Meta's TRIBE v2 Predicts How Your Brain Responds to Images, Sound, and Language — With Uncanny Accuracy
Meta FAIR's new AI model, trained on 1,000+ hours of fMRI data from 720 subjects, can predict neural responses to video, audio, and text stimuli with accuracy exceeding most individual human brain scans — and replicated decades of established neuroscience findings automatically.

D.O.T.S AI Newsroom
AI News Desk
Meta's fundamental AI research lab, FAIR, has published a model that does something genuinely remarkable: given a piece of video, audio, or text, it predicts with high accuracy which regions of the human brain will activate and how strongly — without ever scanning an actual brain.
The system, called TRIBE v2, was trained on more than 1,000 hours of fMRI neuroimaging data from 720 subjects and processes three input types through pre-trained Meta models: Llama 3.2 for text, Wav2Vec-Bert-2.0 for audio, and Video-JEPA-2 for visual content. Its outputs are predictions for 70,000 brain voxels — the three-dimensional pixels that constitute an fMRI scan.
Performance That Exceeds Individual Scans
The headline result is striking. TRIBE v2's predictions correlate more strongly with group-average brain activity patterns than most individual subject scans do. On high-quality 7 Tesla scanner data — the gold standard for spatial resolution in neuroimaging — the model achieved correlation twice as high as the median individual subject.
This is not merely a quantitative achievement. It means the AI has, in some sense, captured the signal more cleanly than a direct measurement from most individual humans. The implications for neuroscience research methodology are significant: an AI model may be able to substitute for expensive, time-consuming fMRI experiments in many research contexts.

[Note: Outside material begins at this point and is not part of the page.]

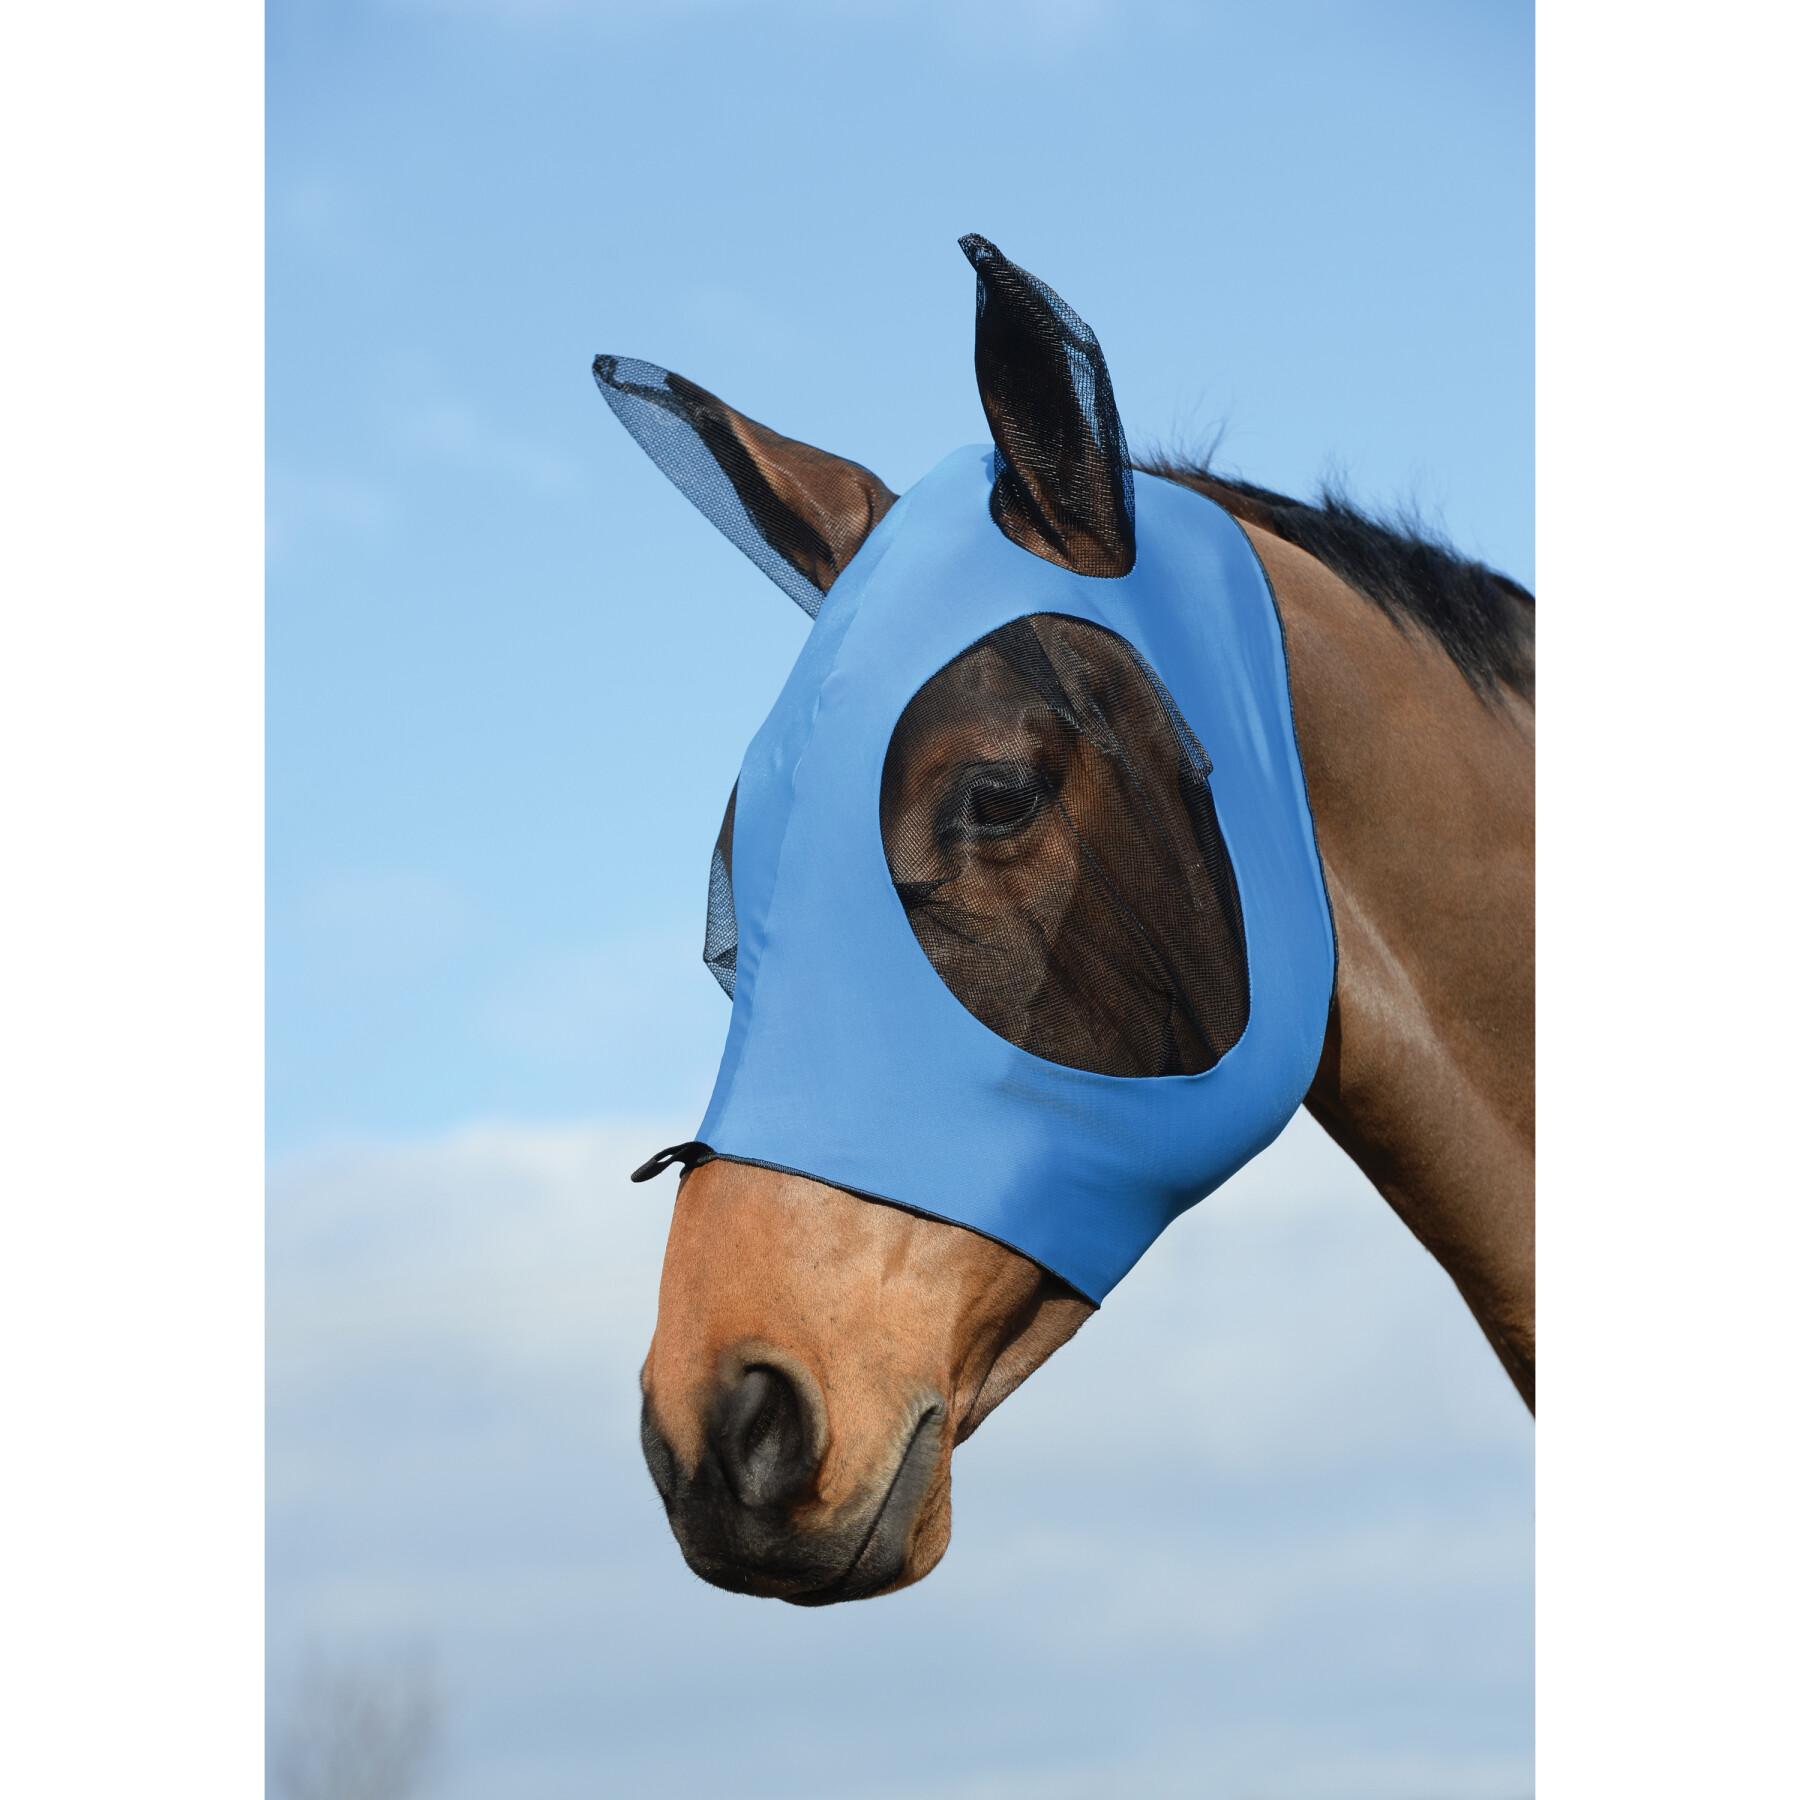 Stretch vliegenmasker voor paardenogen en -oren Weatherbeeta Deluxe

A Validation Engine for Neuroscience
Perhaps more immediately compelling for scientists: TRIBE v2 automatically replicated decades of established neuroscience findings when tested in controlled conditions. It correctly identified specialized brain regions for faces, places, bodies, and written characters. It localized language processing networks and distinguished emotional from physical pain processing. It showed the expected left-hemisphere dominance for complete sentences versus word lists.
These are findings that took the field years of human experiments to establish. The model reproduced them from first principles, without being explicitly trained on the research literature.
Five Functional Brain Networks Identified
The model's cross-modal architecture reveals something else: which sensory channel — audio, video, or text — is the primary driver of activity in each brain region. This capability led TRIBE v2 to identify five distinct functional networks: the primary auditory cortex, the language network, the motion recognition system, the default mode network, and the visual processing system.
Scaling laws follow patterns seen in large language models: accuracy improves with more training data and has not yet plateaued, suggesting further gains are achievable.
Important Limitations
The model treats the brain as a passive receptor of stimuli and cannot model active decision-making, motor actions, or the other sensory modalities — smell, touch, proprioception. fMRI's inherent temporal limitations, measuring indirect blood oxygen levels with multi-second delays, prevent TRIBE v2 from capturing millisecond-range neural dynamics that are critical for many neuroscientific questions.
Code, model weights, and an interactive demonstration are publicly available through Meta's platforms.